Ray Bradbury passed away this week. (Tuesday, May 5, 2012) In my newspaper this morning there was a write up about him. I read it with interest and a little melancholy, but one thing stuck with me -- a quote of his from 1982:

"The great thing about my life is that everything I've done is a result of when I was 12 or 13."

This stayed with me for a couple reasons. First, I teach 12- and 13-year-olds. And we do a brief science fiction unit each year and read a few of Ray Bradbury's short stories. I thought the quote would be perfect to work up into a display during our sci-fi unit.

Second, I really do believe that there is something important that happens at 12 or 13. It's an age when kids are  past childhood, but not quite fully into adolescence. It's a time when they know what they like and what they don't like, and they're dreaming about the future. I deliberately chose to teach 7th grade students because I like that age of kids. They're malleable, flexible, intelligent and ready to laugh.
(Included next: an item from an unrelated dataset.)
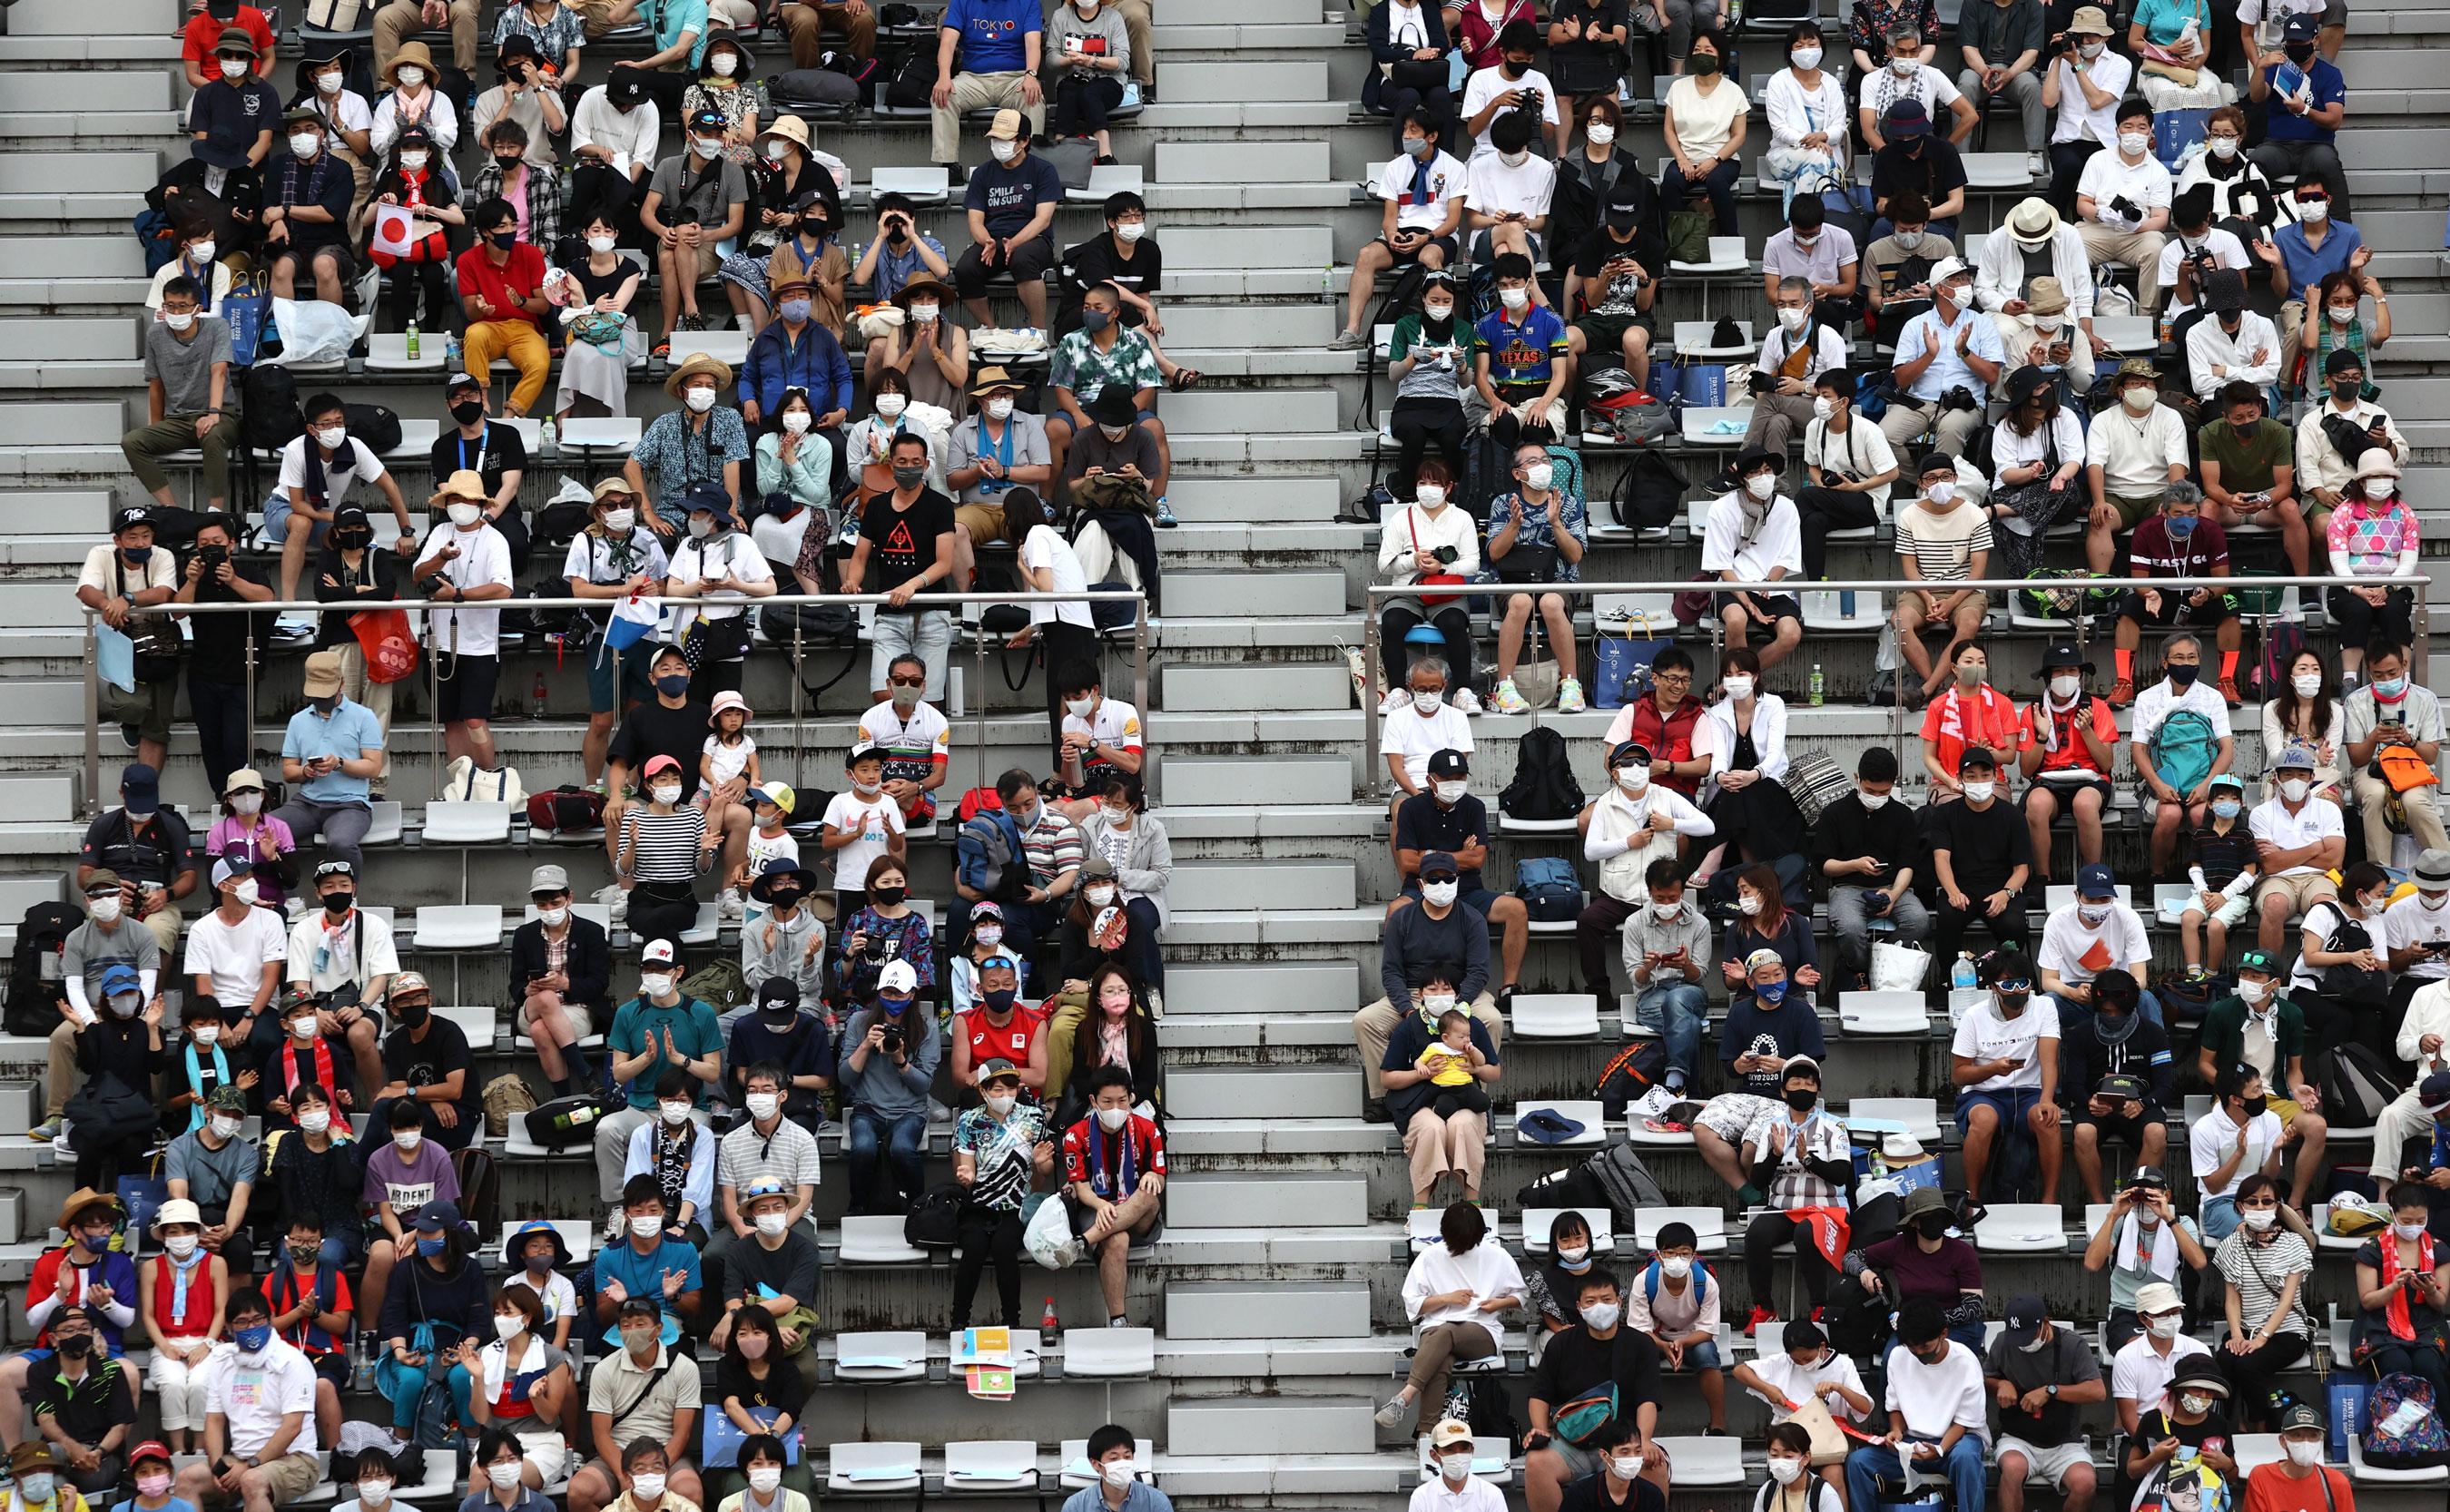 Fans watch the Men's road race at Fuji International Speedway.

Ray Bradbury's quote had me thinking about myself at 12 or 13. We moved from our house in Hyrum to live with my Kofoed grandparents while my dad was building our new house. Looking back, I did things then that I still do now. I still write in a journal. I still mow the lawn and work in the yard. I didn't really enjoy cooking then, and I'm not enthusiastic about it now. I did craft projects, played the piano, and enjoyed looking through Country Living Magazine. I took long walks though the neighborhood and noticed landscaping techniques.

I can't completely say that "everything I've done is a result of when I was 12 or 13", but I'm certainly still the same person.

Friday, June 01, 2012

Yard Work Workout Boosts Mental Attitude

School's out for summer. (Humming the rock anthem that these words remind me of.) That means that my summer yard workout season is going to get underway.

I've noticed something about myself; perhaps it's true for you too . . . when I'm feeling blah, if I start doing something -- especially an outdoor gardening task -- I feel better in no time. Just being outside is a lift, but tackling some yard chore and being able to see immediate results gives my mental attitude a boost too.

The question is, if working in the yard lifts my mental attitude 100% of the time, why don't I spend more time doing it? And why don't I look forward to it? I think the answer is . . . because I'm human.